Laws of the Universe: justice working out in mysterious ways

Chris Mangano, “Laws of the Universe” (2019)

As is usually the case with sci-fi film shorts uploaded to Youtube by DUST, this film makes up for in depth and quality what it lacks in the way of a budget. Houston (Sidney Brown Jr) has spent 16 years in jail, much of it in solitary confinement, after being wrongly convicted of killing someone. While in prison he actually did murder someone out of self-defence which explains why he is in solitary confinement. He is waiting to be released from jail after using the time to educate himself in law and learning yoga and meditation. Unfortunately the prison wardens seem to have disappeared so he contacts his mother on his cellphone and she tells him to turn on his TV set. He does so and sure enough, a strange UFO is hovering above Los Angeles, attracting so much attention that even the wardens and administrators at the high-security prison have deserted their posts to view the wonder.

Over the next several days, while Houston and his fellow prisoners languish for want of attention and food and drink, Mom informs her son by phone that people are looting the abandoned UFO for alien technology. In the meantime, the water supply and then electricity are cut off to the prison and Houston endures several days of near starvation and thirst. He becomes concerned for his family’s welfare and worries about his mother. On Day 12 of his continued incarceration when he should have been freed eleven days earlier, Houston receives an unusual visitor in his cell: a man (Jason Karasev) using some of that unusual alien tech materialises in his cell looking for a friend to free …

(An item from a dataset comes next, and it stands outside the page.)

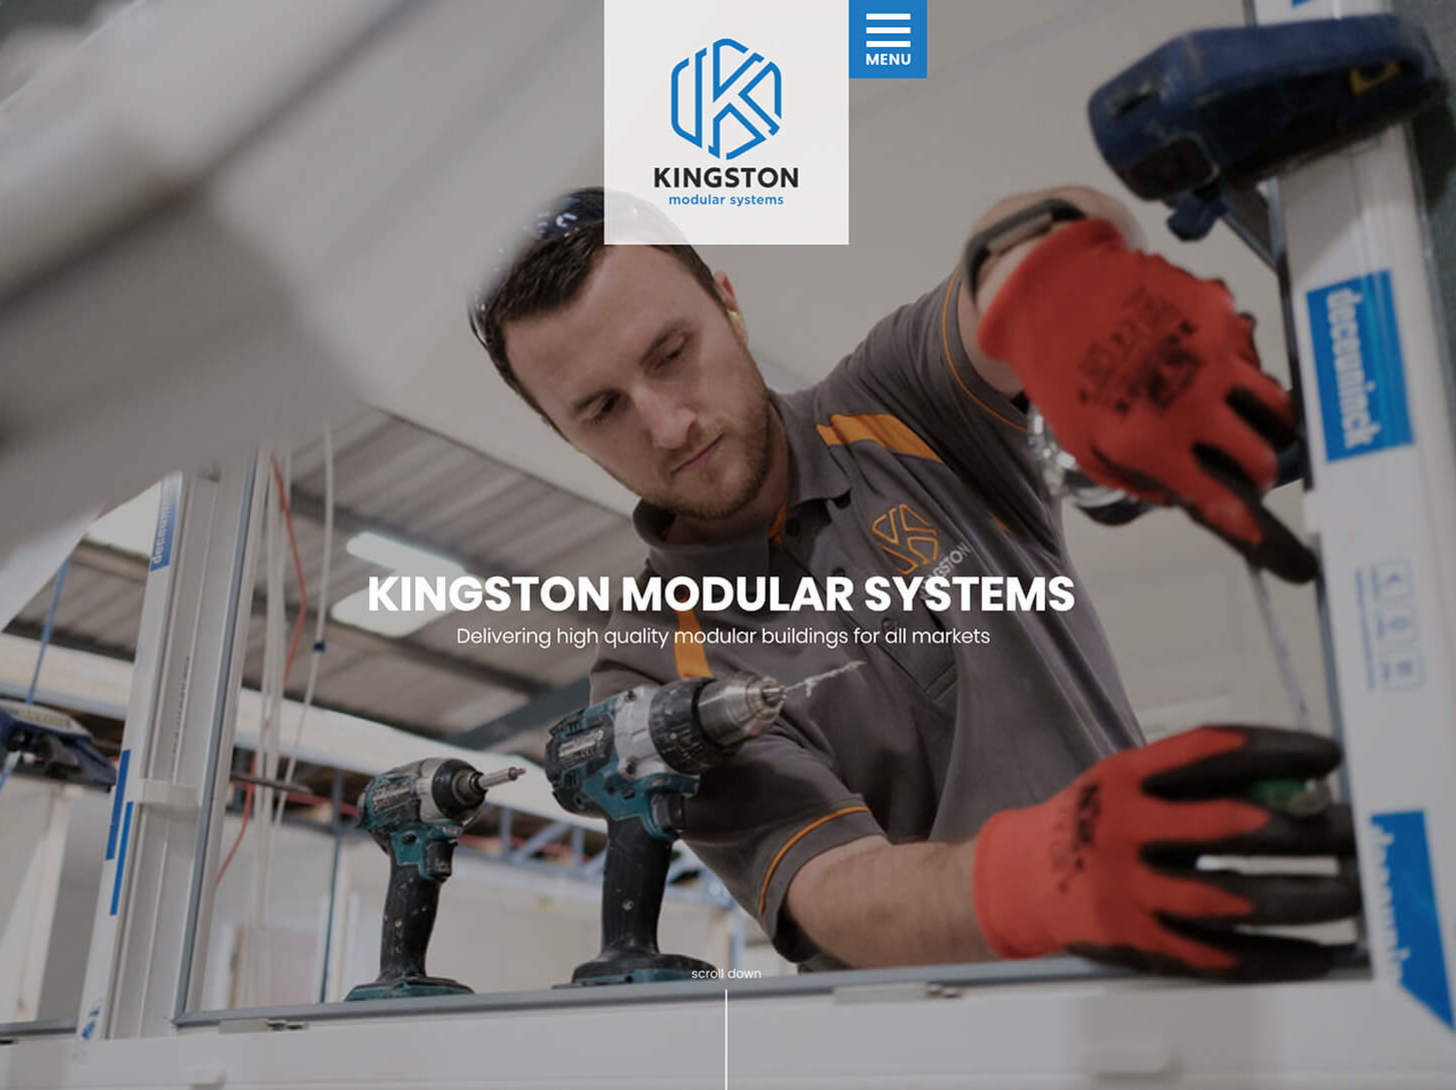 Kingston Modular Systems website

The plot is entirely driven by dialogue and Brown’s acting, much of it silent. Beneath the youthful tough-talking exterior, Houston is revealed as someone of considerable intelligence and adaptability. While he and his previous lawyers were unable to overturn his initial wrongful conviction, Houston has used his time in jail to turn over a new leaf and improve himself. At the same time his prison experiences have toughened him in a different way from life in the streets, perhaps as a member of a teenage gang, and he does not hesitate to sweep aside conventional notions of morality if it means saving his life or saving the lives of others. Hence, when the stranger keeps reappearing in his cell, clearly unsure of himself (this suggests that he knows that he is doing wrong in trying to free his convicted pal), Houston takes advantage of the stranger’s uncertainty to free himself. He lands in a world at once familiar to him – he sees his family’s home – and yet unfamiliar: the streets are free of crime, traffic and pollution. Clearly the alien technology that has been pilfered from the abandoned UFO above the city has some capacity to see into people’s minds and probe their intentions, and has fulfilled those subconscious desires and instincts in ways unforeseen by the new human owners of the technology.

While the laws of physics might have been broken in this film, the law of morality turns out to be straightforward in spite of its apparent extreme elasticity and malleability. As religious people say, God works His justice in mysterious ways.